This study’s principal component analysis (PCA) provides significant insights into the interactions between nutrient dynamics, climate change, and the proliferation of Noctiluca scintillans in the Black Sea. The PCA revealed that the nitrogen–phosphorus (N:P) ratio is a dominant factor influencing N. scintillans abundance. The PCA biplot underscores that nutrient stoichiometry, particularly the N:P ratio, strongly correlates with bloom dynamics, while temperature, although influential, primarily affects blooms indirectly. Elevated temperatures exacerbate water column stratification, reducing vertical mixing and enhancing nutrient trapping in surface layers. This phenomenon creates favorable conditions for N. scintillans growth during the summer months. The pronounced increase in summer points to warmer water temperatures and enhanced stratification as the key drivers of these blooms [81]. Stratification during summer can concentrate nutrients in the surface layers, promoting the growth of N. scintillans. Moreover, the summer season often brings higher levels of organic matter, resulting from increased biological activity and nutrient input from river runoff, which provides a rich food source for this heterotrophic dinoflagellate [48,49,58].
Furthermore, the PCA highlights the complexity of nutrient interactions in the Black Sea ecosystem. While phosphorus concentrations have declined over decades, nitrogen concentrations remain high, maintaining an elevated N:P ratio. This imbalance drives ecosystem changes, shifting phytoplankton communities from diatom-dominated systems to those dominated by non-diatom species, including HAB-forming taxa like N. scintillans. Such shifts can disrupt trophic dynamics, reduce biodiversity, and intensify hypoxia in already vulnerable regions of the Black Sea.
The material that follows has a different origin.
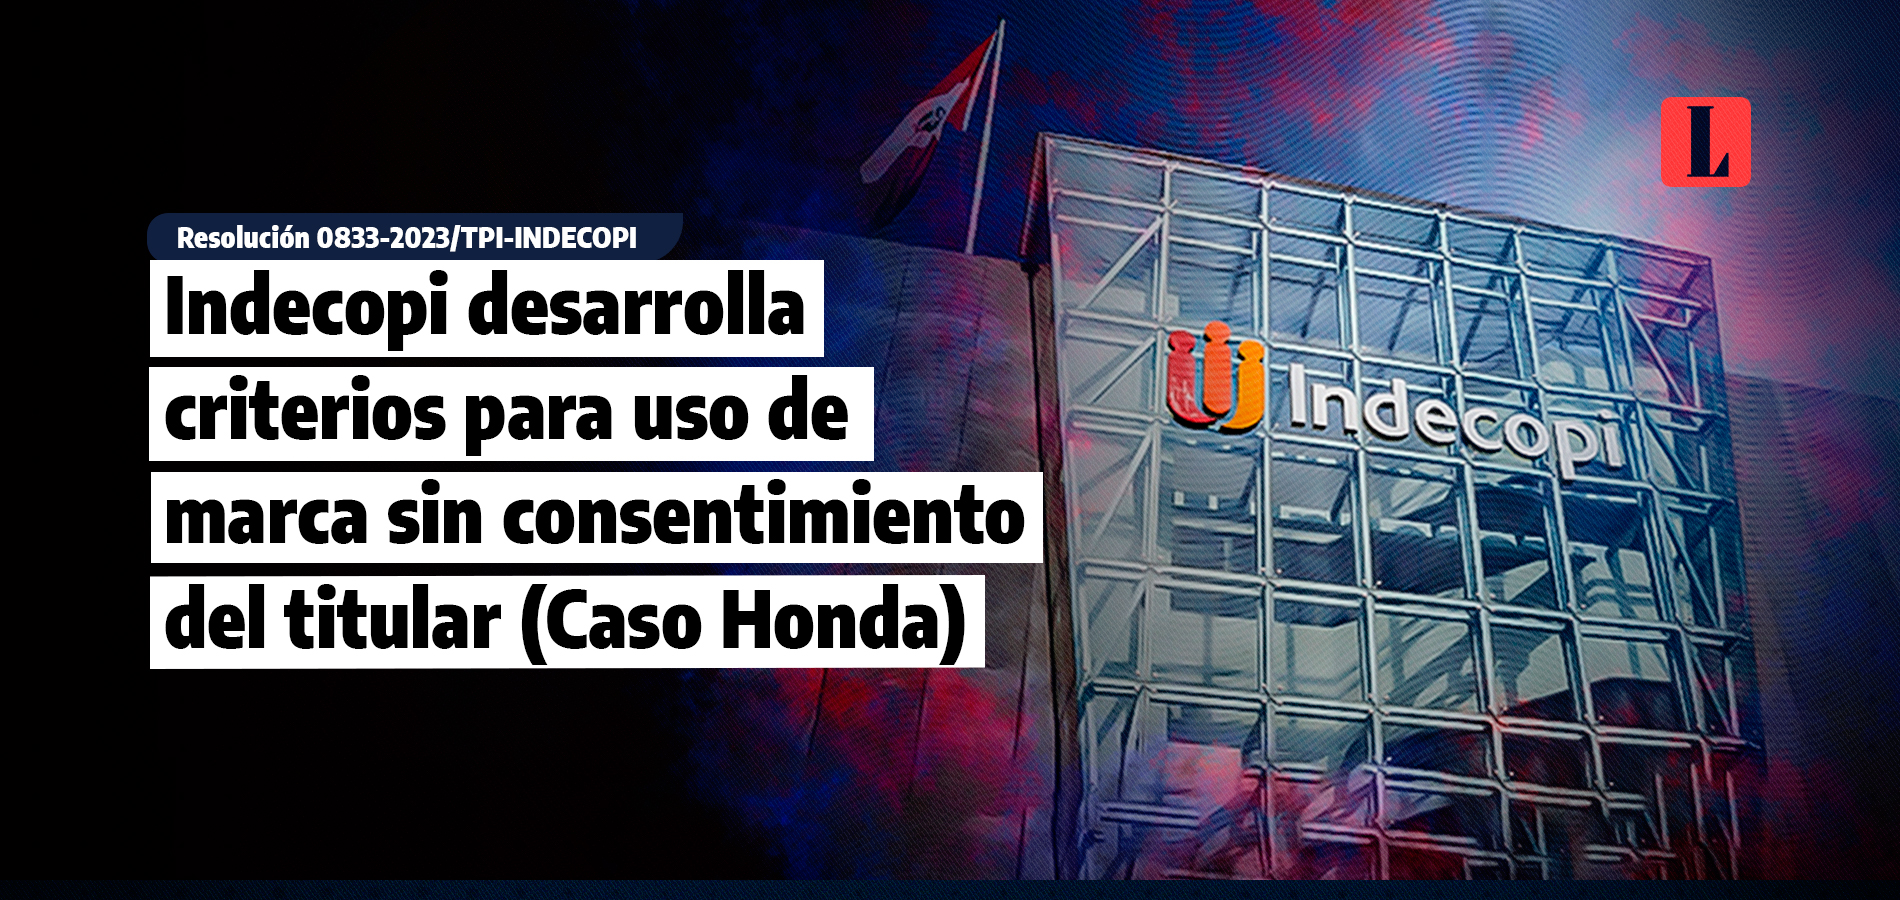 Indecopi desarrolla criterios para uso de marca sin consentimiento del titular (caso Honda)

N. scintillans dynamics also fit within this seasonal framework. The broader range of N. scintillans abundance and biomass observed during summer suggests significant variability driven by several environmental factors, such as nutrient availability [82]. In contrast, the lower values from autumn, winter, and spring indicate less favorable conditions for the organism, likely due to lower temperatures and potentially limited nutrient availability.
Overall, this seasonal pattern suggests that N. scintillans blooms are primarily a summer phenomenon in the RBSC. This has significant ecological implications, as the blooms can lead to oxygen depletion in the water column, additionally to the increasing seawater temperature, potentially causing hypoxia and disrupting the marine food web during peak bloom periods [83]. The peak of N. scintillans blooms, particularly during summer, is often associated with increased ammonium levels. As N. scintillans consumes large quantities of organic material, it releases ammonium4 as a byproduct of its metabolism. This process can lead to elevated concentrations of ammonium in the surrounding water, particularly in areas where blooms are extensive. The correlation between ammonium and N. scintillans abundance is often positive during bloom periods, reflecting this contribution to nitrogen cycling [83,84].
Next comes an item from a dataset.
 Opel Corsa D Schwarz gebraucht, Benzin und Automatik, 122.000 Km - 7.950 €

Furthermore, during and after bloom events, the decomposition of N. scintillans biomass by bacterial activity can further elevate ammonium concentrations. This release of ammonium can enhance nutrient availability, potentially leading to a feedback loop that supports further primary production, especially under the stratified, low-oxygen conditions typical of summer [48,49,58,81].
Thus, N. scintillans blooms can play a significant role in the nitrogen cycle by directly releasing ammonium through excretion and indirectly through decomposition processes [85], contributing to the nutrient dynamics in coastal ecosystems like the Black Sea [15].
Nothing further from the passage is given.